Leslie Winner, vice president and general counsel for the university system, said the report will be examined carefully.
“Open debate and free dialogue are hallmark values of the university system and we very, very rarely get any complaints that anyone feels their free speech rights are being infringed,” Winner said.
“We do have time, place and manner restrictions that say you can't have your protest on the classroom steps when people are trying to get in, but it never means you can’t have your protest.”
She questioned the need for the report and called it “a clear case of smoke with no fire.”

No fire? Two students at UNC Greensboro (UNCG) face disciplinary hearings on January 20 for protesting a free speech zone outside the free speech zone. In a January 5 letter to FIRE, Winner herself admitted that “the Chancellor [of UNCG] has established a committee to re-examine the UNC-G outdoor assembly policy in light of recent case law.” So UNCG is dragging two students through a trial for doing something that is not only constitutionally protected, but that the university itself is not even sure should be a rule. I guess the unjust punishment of merely two students is “smoke” to UNC. I wonder—how many would it take for there to be a “fire”?
Further, it isn’t that surprising that there haven’t been that many complaints about UNC’s restrictive policies. First, most students aren’t constitutional lawyers and don’t realize that these arbitrary restrictions on their rights are unconstitutional. Second, how eager do they expect students to be to complain about a policy that can punish students for their speech? It is important to keep in mind here that students know that “campus justice” is often anything but, and that getting punished in school can have serious, lifelong effects by adversely affecting one’s career prospects. How eager do they think students are to risk their future earnings on the uninformed decisions of a student or administrative tribunal?

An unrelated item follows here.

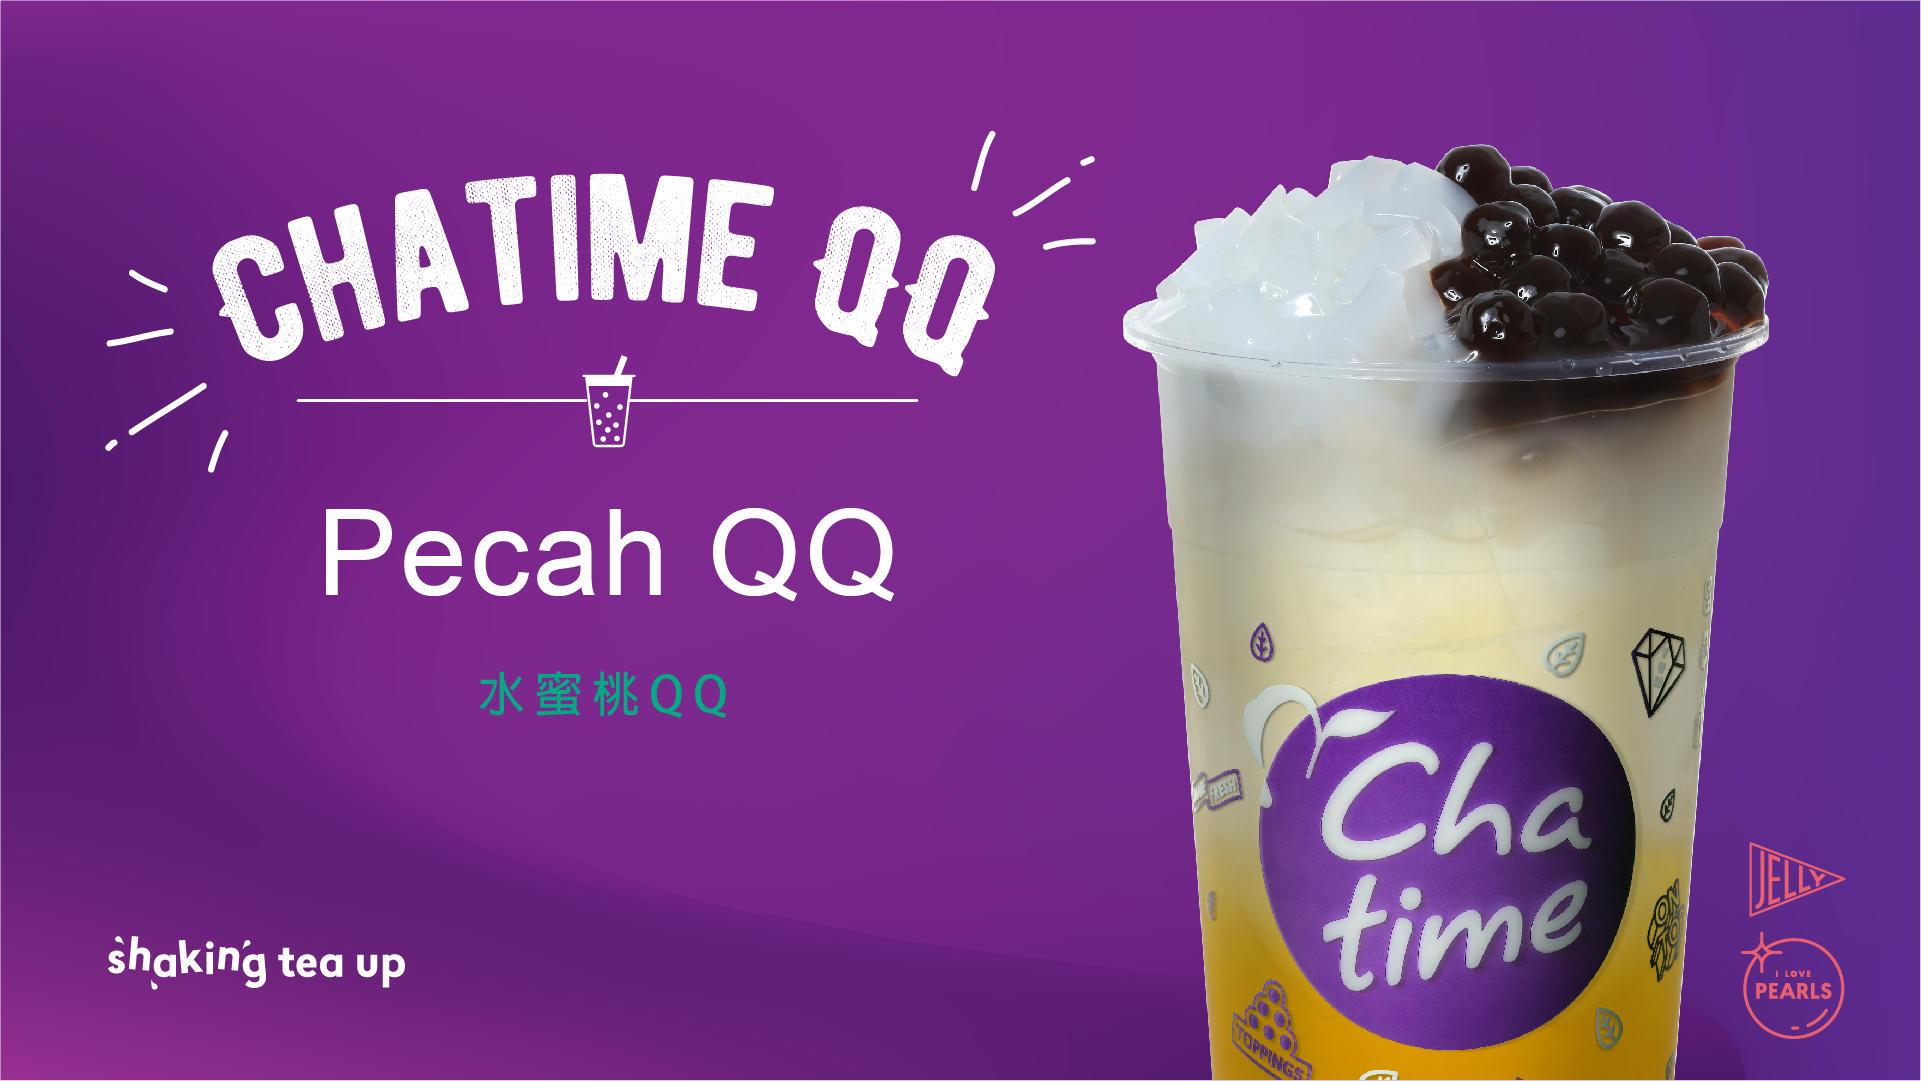 Chatime Bubble Tea & Slurping Noodles image 18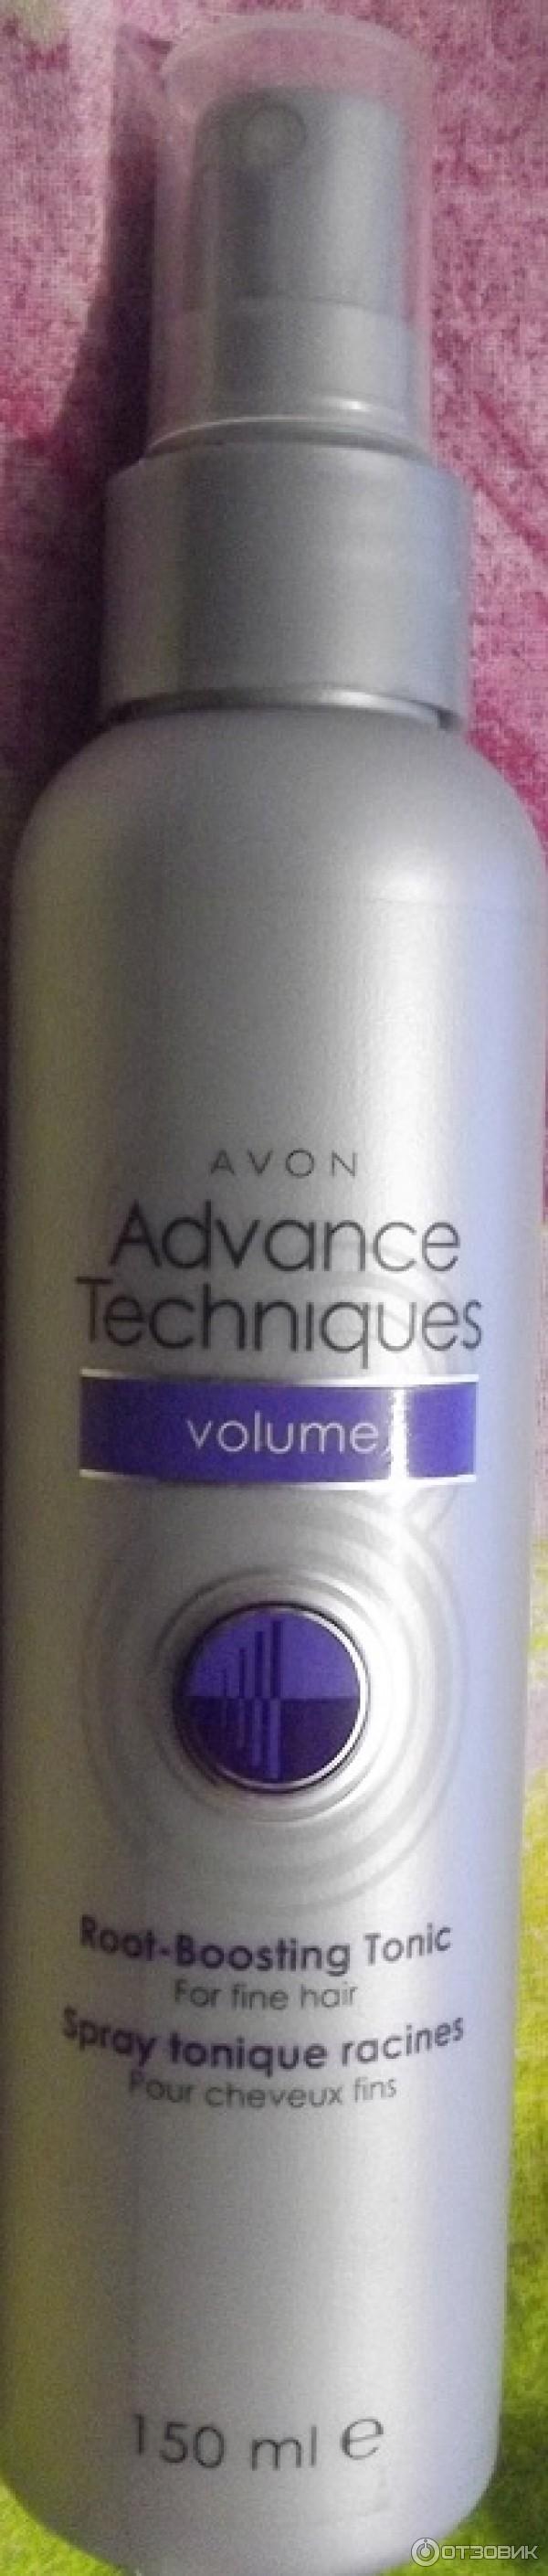 Спрей для объёма волос эйвон отзывы

But don’t worry: Winner assures us that “[o]pen debate and free dialogue are hallmark values of the university system.” UNC would prefer that you pay no attention to FIRE’s 26-page report that says otherwise—and proves it by quoting the UNC schools’ own policies. If only UNC’s lawyers could muster up as much attention to correcting unconstitutional policies and stopping the persecution of these students as it evidently can for public relations, then liberty at North Carolina’s state colleges and universities would be in much better shape.